With the value of programming to articulate knowledge that was previously tacit, incompletely formed, or latent established, it is possible to shift focus to the creative potential of coding a tool that already exists. The next step is to consider the new opportunities afforded to given access to the code of a programmed tool.
Exercise 3.2 Misuse a Common Digital Tool
Make a work of art with your code by continuing to change and evolve it. Embrace the surprising results that may emerge as you treat your code not as tool to perform a single function but a medium to explore new possibilities. What may have been considered a flaw during the first part of the exercise now may be prized as a generator of a new kind of line, form, shape, or space. Furthermore, explore the productive misuse to the code. Can the code be modified to expand the set of possible inputs beyond what would’ve made sense within the narrower scope of possibilities when interpreted as a mere tool?

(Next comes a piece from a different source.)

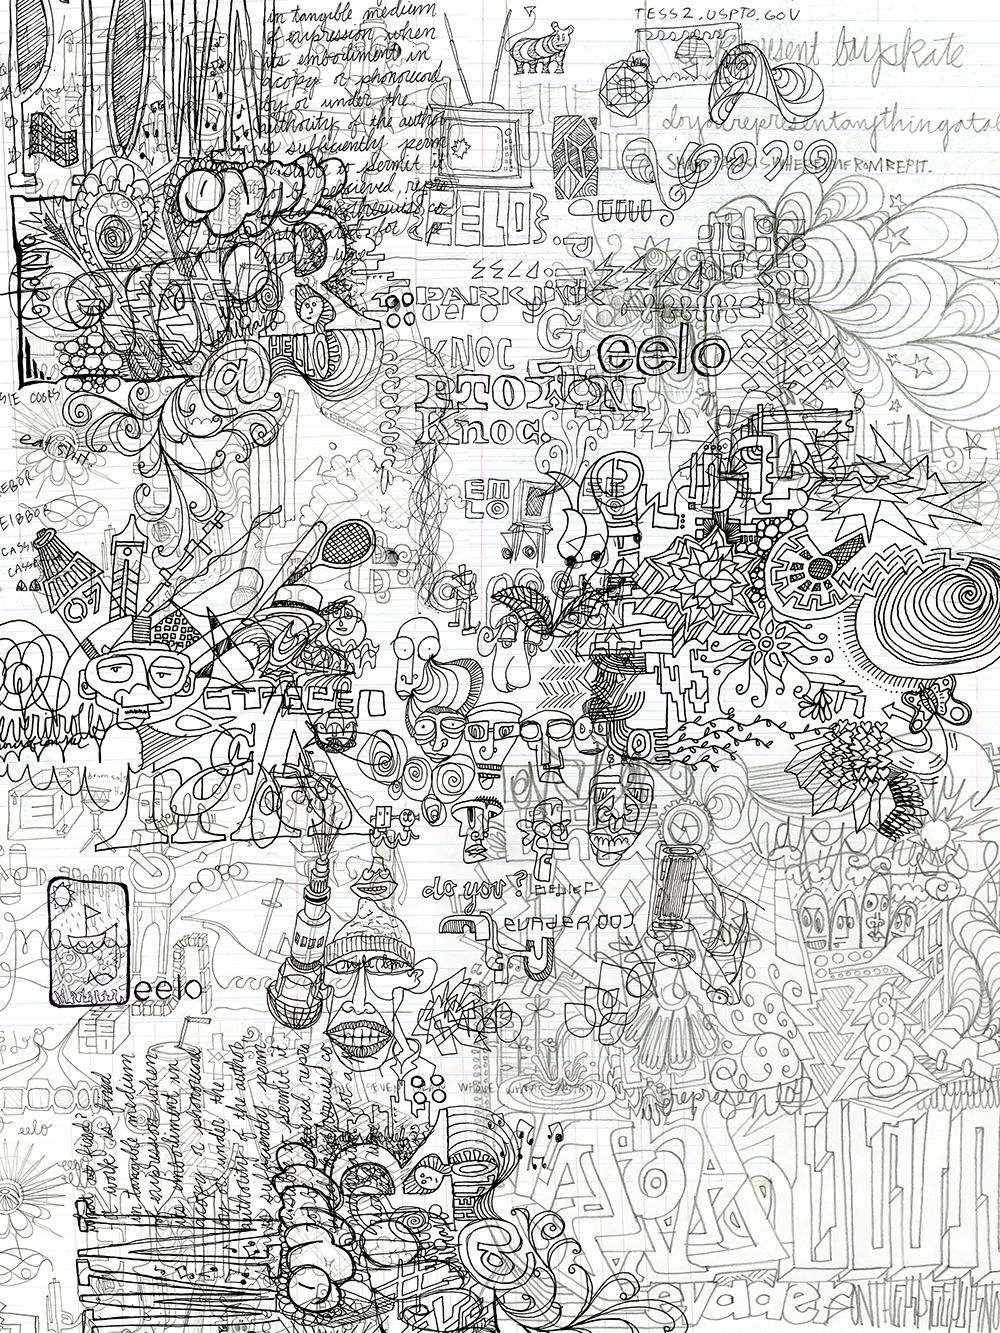 drawing_flowbased_sketchplore.jpg

Depth is Inherently Difficult
Exercise 4.1 Automatic Drawing
Make what Psychologist David Maclagan would call an “automatic drawing.”5 Repeat until the perception of depth is unavoidable. If a class or a group is available, hold a group critique of automatic drawings in which depth is the only topic of discussion.
In chapter one, multiple anti-definitions of drawing were explored and drawing was considered not in terms of what it could be, but what it can’t do. Considering why we draw is a similar pursuit. The positive reasons are vast and varied, but they often reduce to a consistent pattern: drawing is helpful because depth is difficult. Depth in drawing, on a practical level, is minute. Drawing media is inconsequentially thin. The paper of this book is about .0004 inches thick, and the thickness of the original paper of the drawings reproduced in this book is about the same. A drawing with around one million line segments is still around .0004 inches thick, with no measurable change in thickness from before to after the drawing process is complete. Any real thickness is a matter of perception. Depth perception is a matter well-studied6 and in all 2-D image-based representation, various “depth cues” trigger our natural perception of space “in” an image. But in contrast to the advances in digital imaging, where the relatively low resolution pixel-based images advanced to become super-small in so called “retina displays” and virtual reality headsets that undermine the presence of the screen-as-distant-object in favor of an immersive experience, the drawing object reminds the viewer that it is there and it is flat. Depth can be implied, and our perception of depth can be triggered, but depth is in a constant, but productive, battle with flat reality. This may explain (along with the fact that, as Bruno Latour and Albena Yaneva explain,7 a building is always moving, and the key representational challenge lies not in the modeling of the form, but in modeling the multi-dimensional space of building parameters) why various “draw in space” technologies have never matured beyond the stage of demonstrative novelty. Though counter to what we often value about technology, when drawing, often what is most productive is unintuitive, seamful,8 and difficult.